The Unexpected Places Where Artificial Intelligence Will Emerge - ccozan
http://io9.com/the-unexpected-ways-that-artificial-intelligence-might-1355337058@rtgonzalez
======
jonnathanson
These places don't strike me as very "surprising." If we wanted to talk
"surprising," we should be looking at the more offbeat, but nevertheless
plausible sources:

1) Logistics & transportation. Inventory/warehouse management, traffic
management systems, shipping, autonomous cars and even roads, etc.

2) Intelligence. Both industrial and government-oriented. Heavy investment is
being made in semantic/parsing algorithms, pattern matching, and analysis.

3) Medical research.
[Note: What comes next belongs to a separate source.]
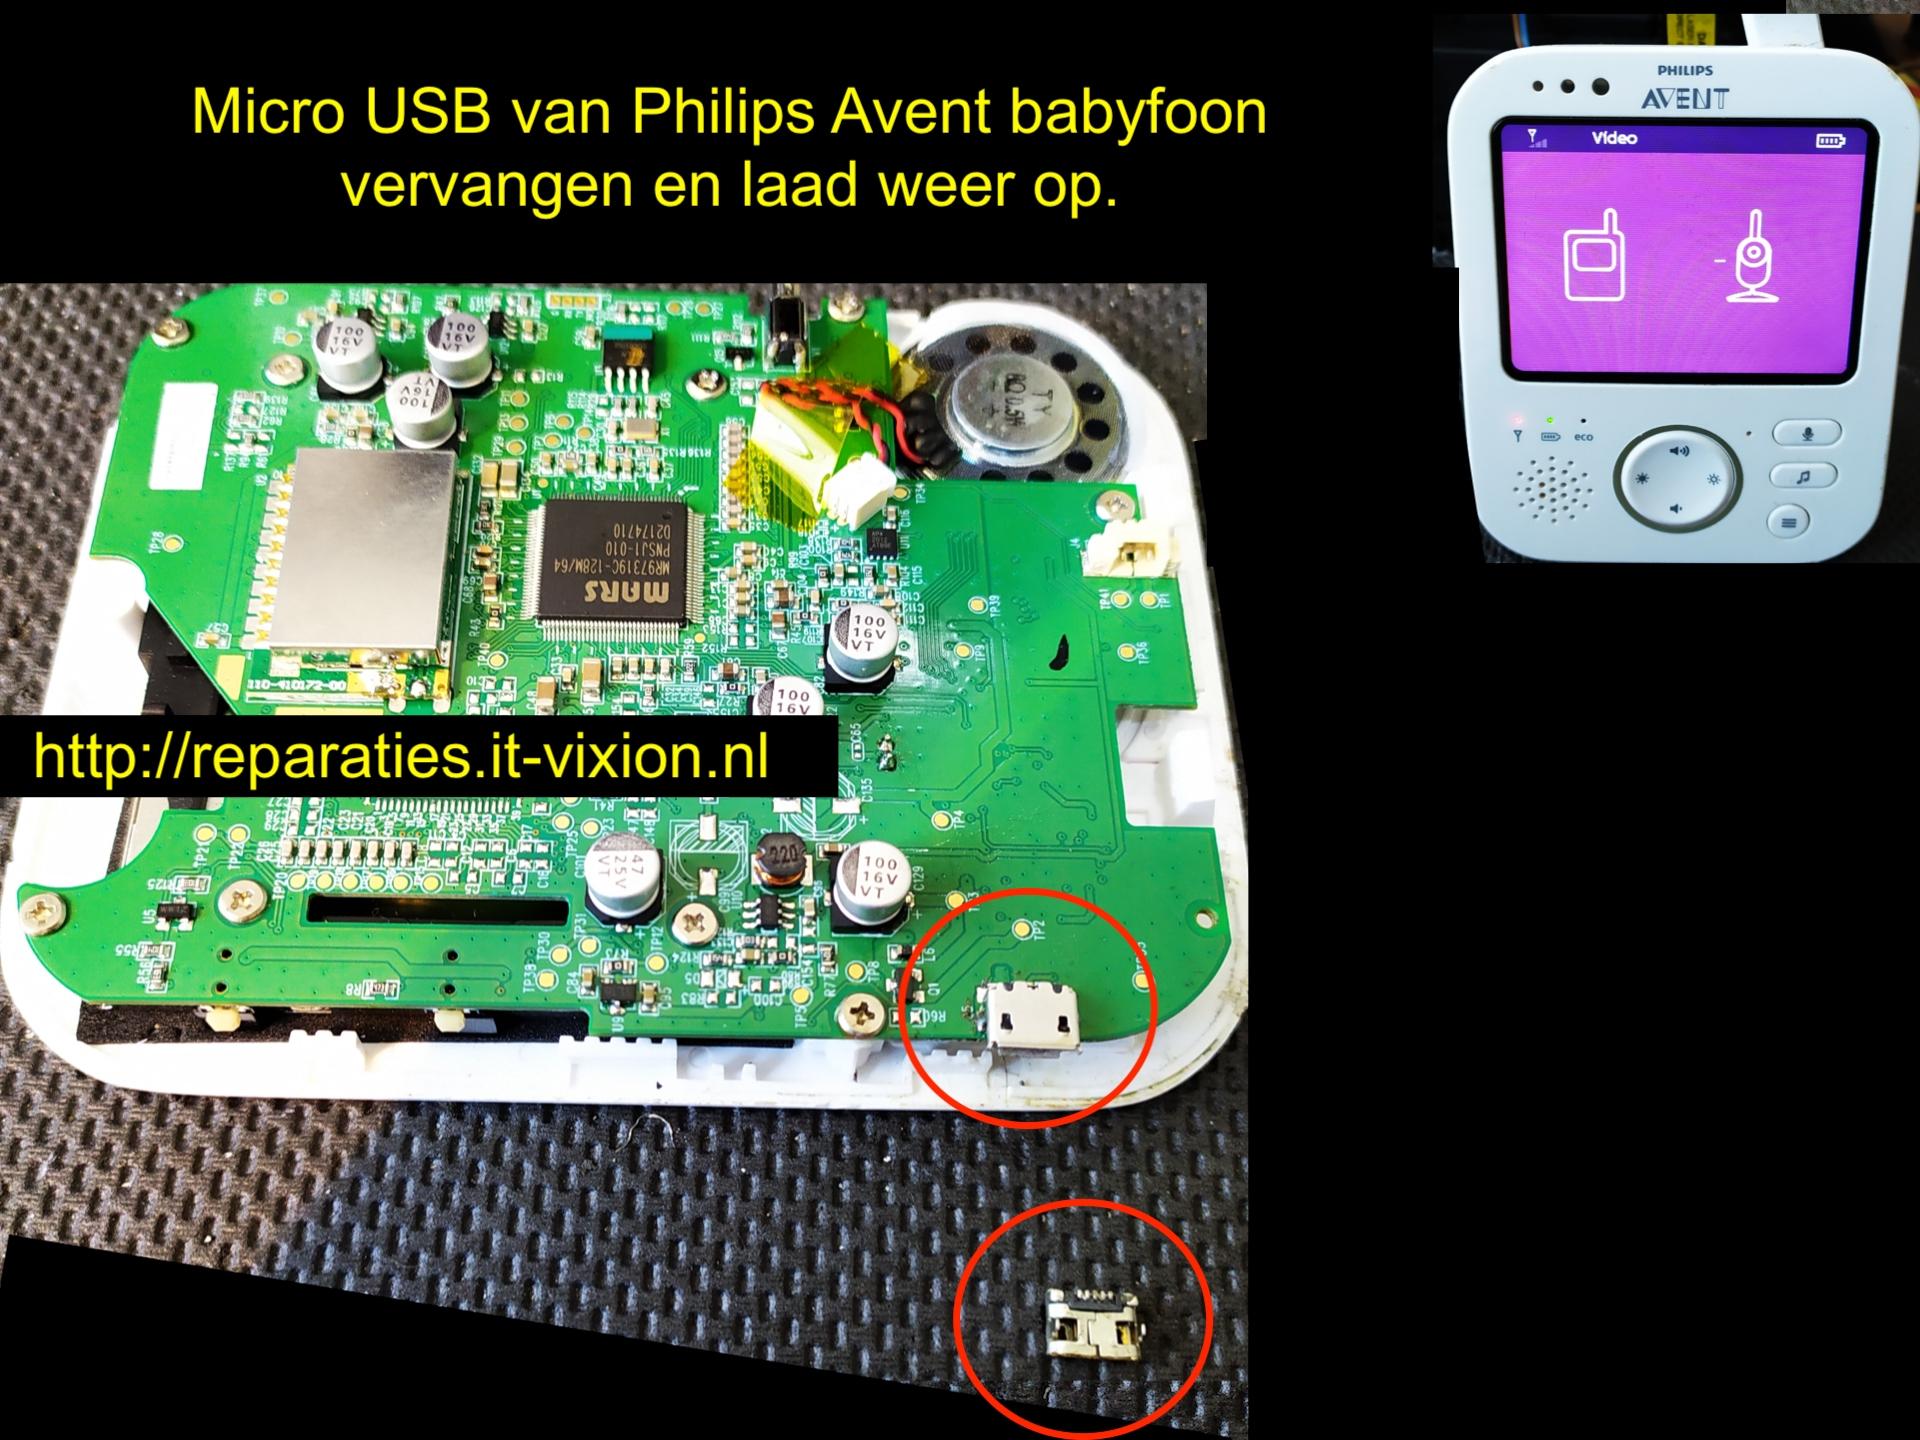 Philips AVENT Babyfoon

New drugs are already being invented by combinatory
programs. But there are still a lot of inefficiencies in the system, because
it's basically the throw-spaghetti-at-the-wall-and-see-what-sticks approach.
There are billions of dollars to be made by the company who can develop a
smarter combinatory program, and no doubt billions being invested in the
effort to do so. Also: robotic surgery and medicine -- though that's more
robotics than AI, per se.

4) Weather modeling and prediction. As the global climate and weather become
less predictable, the challenge of prediction grows increasingly
computationally complex (and more economically valuable). I would expect huge
investment in this area in the future, if it's not happening already.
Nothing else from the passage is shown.